The most massive dietary experiment in history has taken place since 1996. One enormous set of people—everyone in North America—bravely ate vast quantities of genetically engineered food crops. (Some 70 percent of processed foods in the United States now have GE ingredients, mostly from corn, canola, and soybeans; nearly half of the field corn that goes into our corn muffins, corn chips, and tortillas is GE; and half of our sugar comes from GE sugar beets.) Meanwhile, the control group—everyone in Europe—made the considerable economic sacrifice of doing without GE agriculture and went to the further trouble of banning all GE food imports. It was great civilization-scale science, and the result is now in, a conclusive existence proof. No difference can be detected between the test and the control group.
Peter Raven sums up the outcome: “There is no science to back up the reasons for concern about foods from GM plants at all. Hundreds of millions of people have eaten GM foods, and no one has ever gotten sick. Virtually all beers and cheeses are made with the assistance of GM microorganisms, and nobody gives a damn.”
(Who’s Peter Raven?
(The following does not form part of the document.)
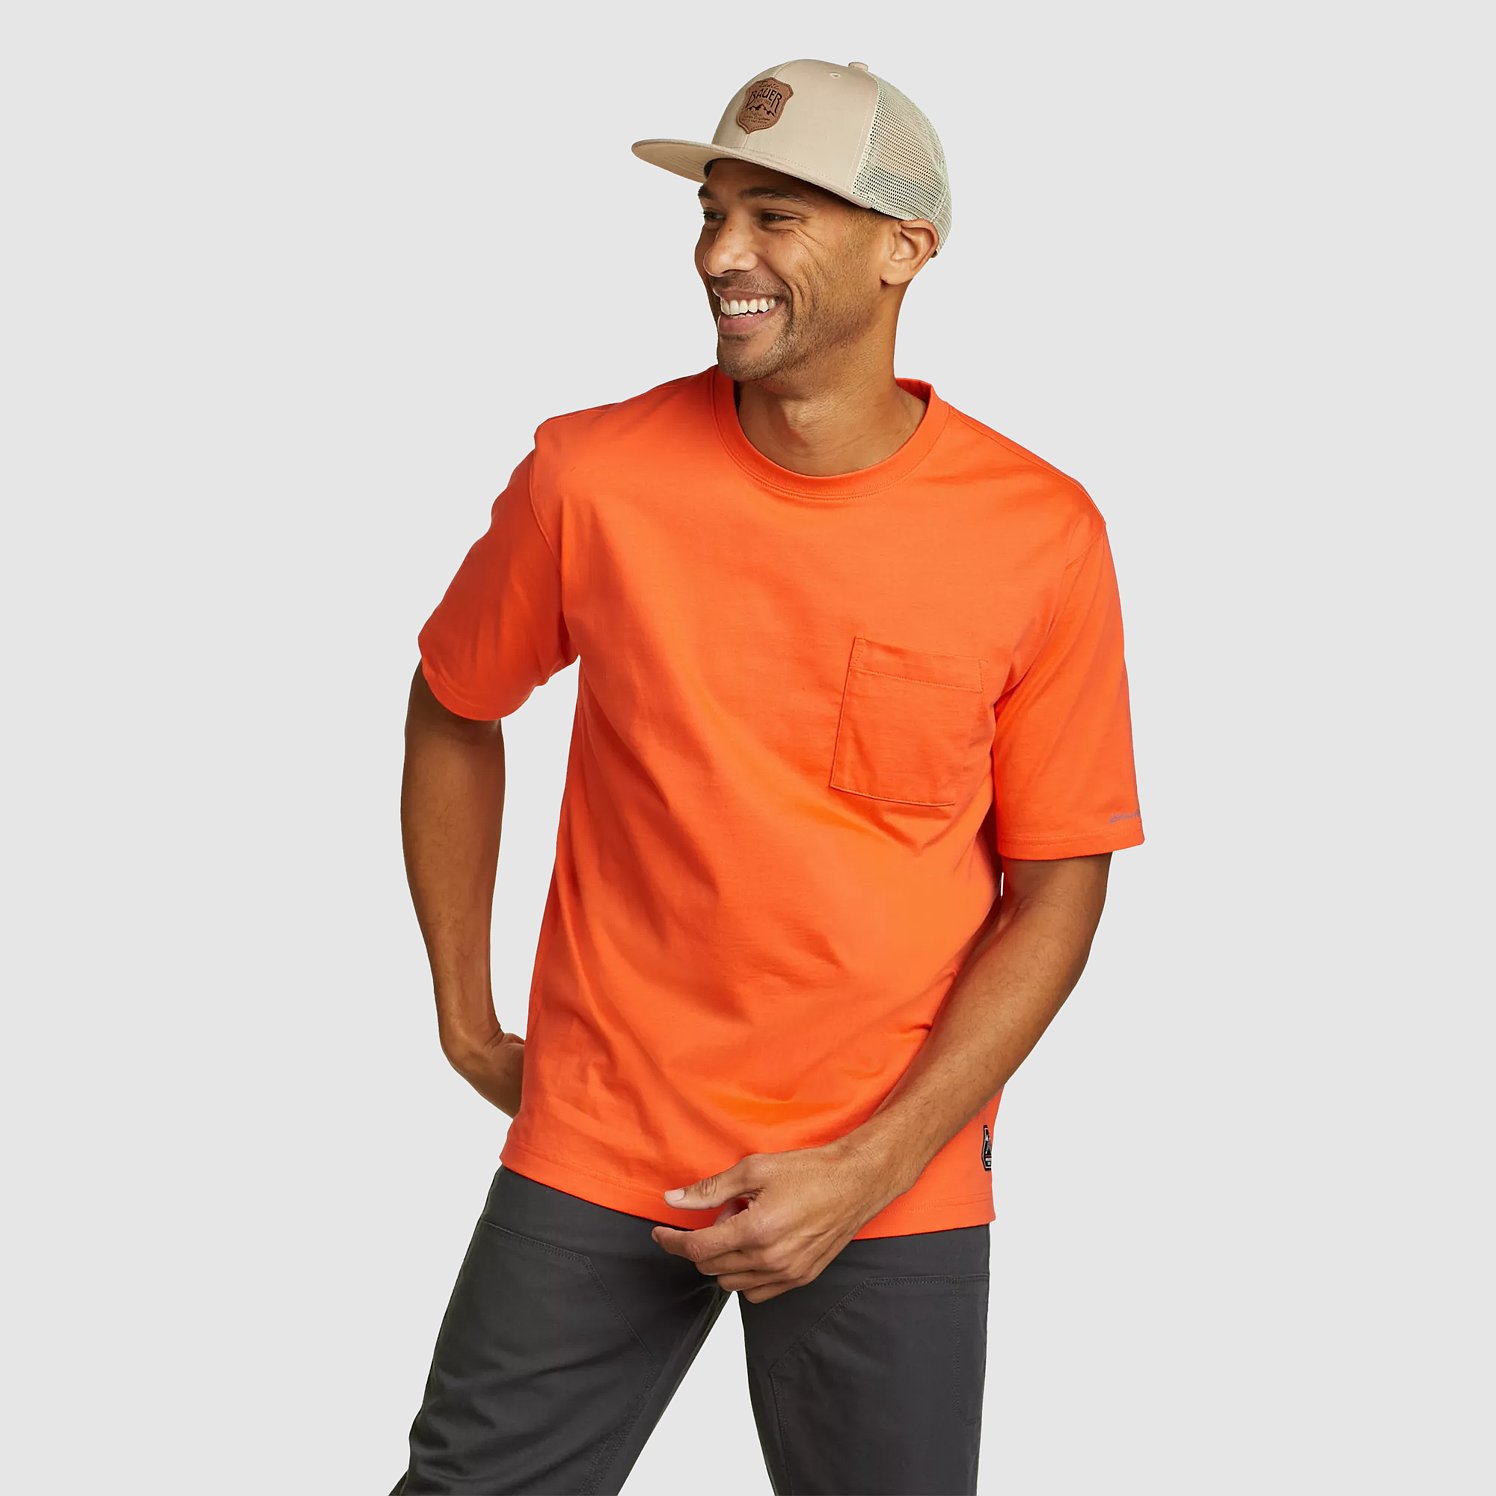 Eddie Bauer Men's Mountain Ops Short-Sleeve T-Shirt - Orange - Size L

The head of the Missouri Botanical Garden for the last four decades, he is usually described as “one of the world’s leading botanists and advocates of conservation and biodiversity.” He has won nearly every environmental prize there is, as well as the National Medal of Science; Time declared him a “Hero for the Planet.” )
Raven is hardly alone in his conclusions. In 2004 the United Nations Food and Agriculture Organization reported:The question of the safety of genetically modified foods has bee
n reviewed by the International Council of Science (ICSU), which based its opinion on 50 authoritative independent scientific assessments from around the world. Currently available genetically modified crops—and foods derived from them—have been judged safe to eat, and the methods used to test them have been deemed appropriate.
Millions of people worldwide have consumed foods derived from genetically modified plants (mainly maize, soybean, and oilseed rape) and to date no adverse effects have been observed. . . .
Allergens and toxins occur in some traditional foods and can adversely affect some people leading to concerns that genetically modified plant-derived foods may contain elevated levels of allergens and toxins. Extensive testing of genetically modified food currently on the market has not confirmed these concerns.
Conclusion: “To date, no verifiable untoward toxic or nutritionally deleterious effects resulting from the consumption of foods derived from genetically modified foods have been discovered anywhere in the world.”
Here’s one more overview, from a 2007 article titled “The Real GM Food Scandal,” in Britain’s Prospect magazine:The fact is that there is not a shred of any evidence of risk to human health from GM crops. Every academy of science, representing the views of the world’s leading experts—the Indian, Chinese, Mexican, Brazilian, French and American academies as well as the Royal Society, which has published four separate reports on the issue—has confirmed this. Independent inquiries have found that the risk from GM crops is no greater than that from conventionally grown crops that do not have to undergo such testing. In 2001, the research directorate of the EU commission released a summary of 81 scientific studies financed by the EU itself—not by private industry—conducted over a 15-year period, to determine whether GM products were unsafe or insufficiently tested: none found evidence of harm to humans or to the environment.